11A.3 SlashTech may suspend services for overdue invoices or material client delays.

11B. Extended Client Inactivity

If the Client fails to respond or provide required input, feedback, or approvals for a continuous period of fourteen (14) days, SlashTech may place the affected Statement of Work on hold.

Upon resumption:

  1. delivery timelines may be revised;
  2. resource availability may change; and
  3. additional costs may apply, subject to agreement or change control.

12. Independent Contractor

SlashTech acts as an independent contractor.
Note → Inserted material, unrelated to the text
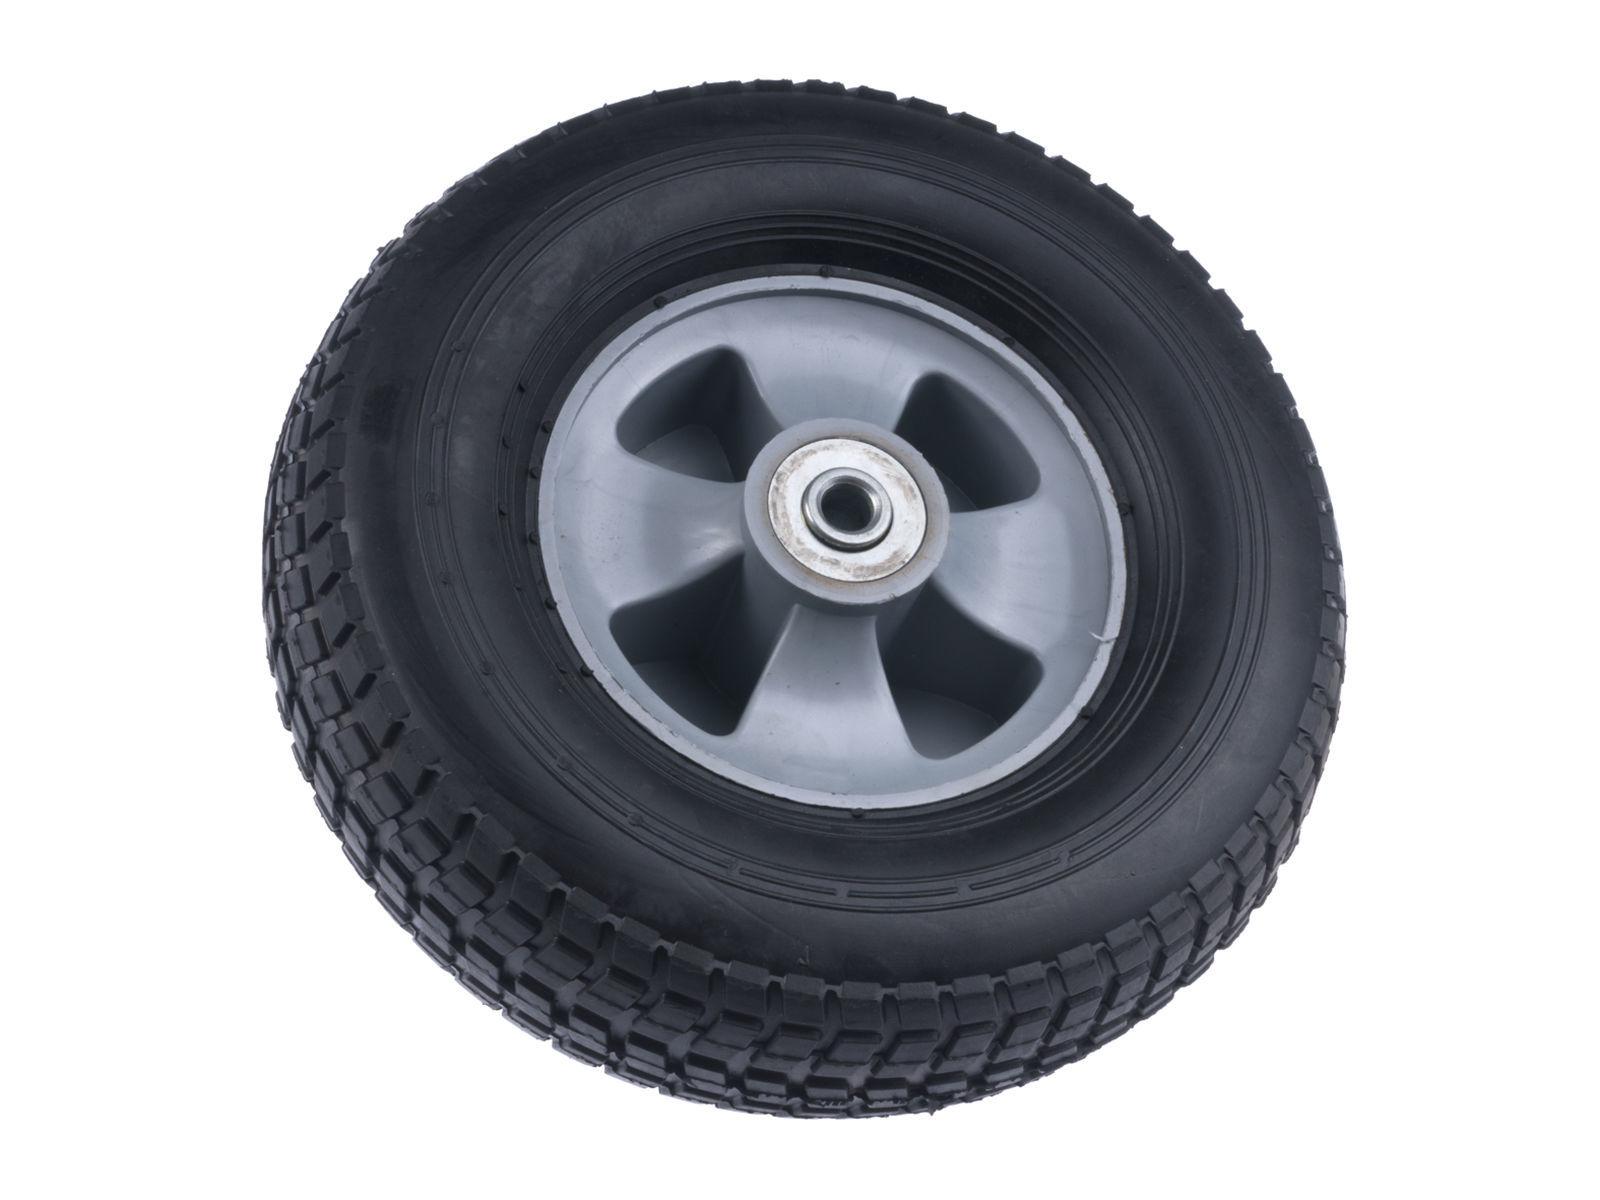 Bilde av Hjul Semi-pneumatic

Nothing in this Agreement creates a partnership, joint venture, or employment relationship.

13. Insurance

SlashTech will maintain appropriate professional indemnity and public liability insurance during the term of this Agreement.

14. Force Majeure

Neither Party is liable for failure or delay caused by events beyond reasonable control, including natural disasters, government actions, power or telecommunications outages.

15. Subcontracting

SlashTech may subcontract portions of the services where appropriate and remains responsible for overall delivery.

16. Non-Solicitation

During the term of this Agreement and for 12 months after termination, the Client must not solicit or employ SlashTech personnel involved in the services without prior written consent.

17. Assignment

The Client may not assign or transfer this Agreement or any SOW without SlashTech's prior written consent, which will not be unreasonably withheld.

18. Dispute Resolution

The Parties will attempt to resolve disputes through good-faith negotiation before commencing legal proceedings.

19. Governing Law

This Agreement is governed by the laws of New South Wales, Australia, and the Parties submit to the exclusive jurisdiction of its courts.

20. Entire Agreement

This Agreement and all SOWs constitute the entire agreement between the Parties and may only be amended in writing signed by both Parties.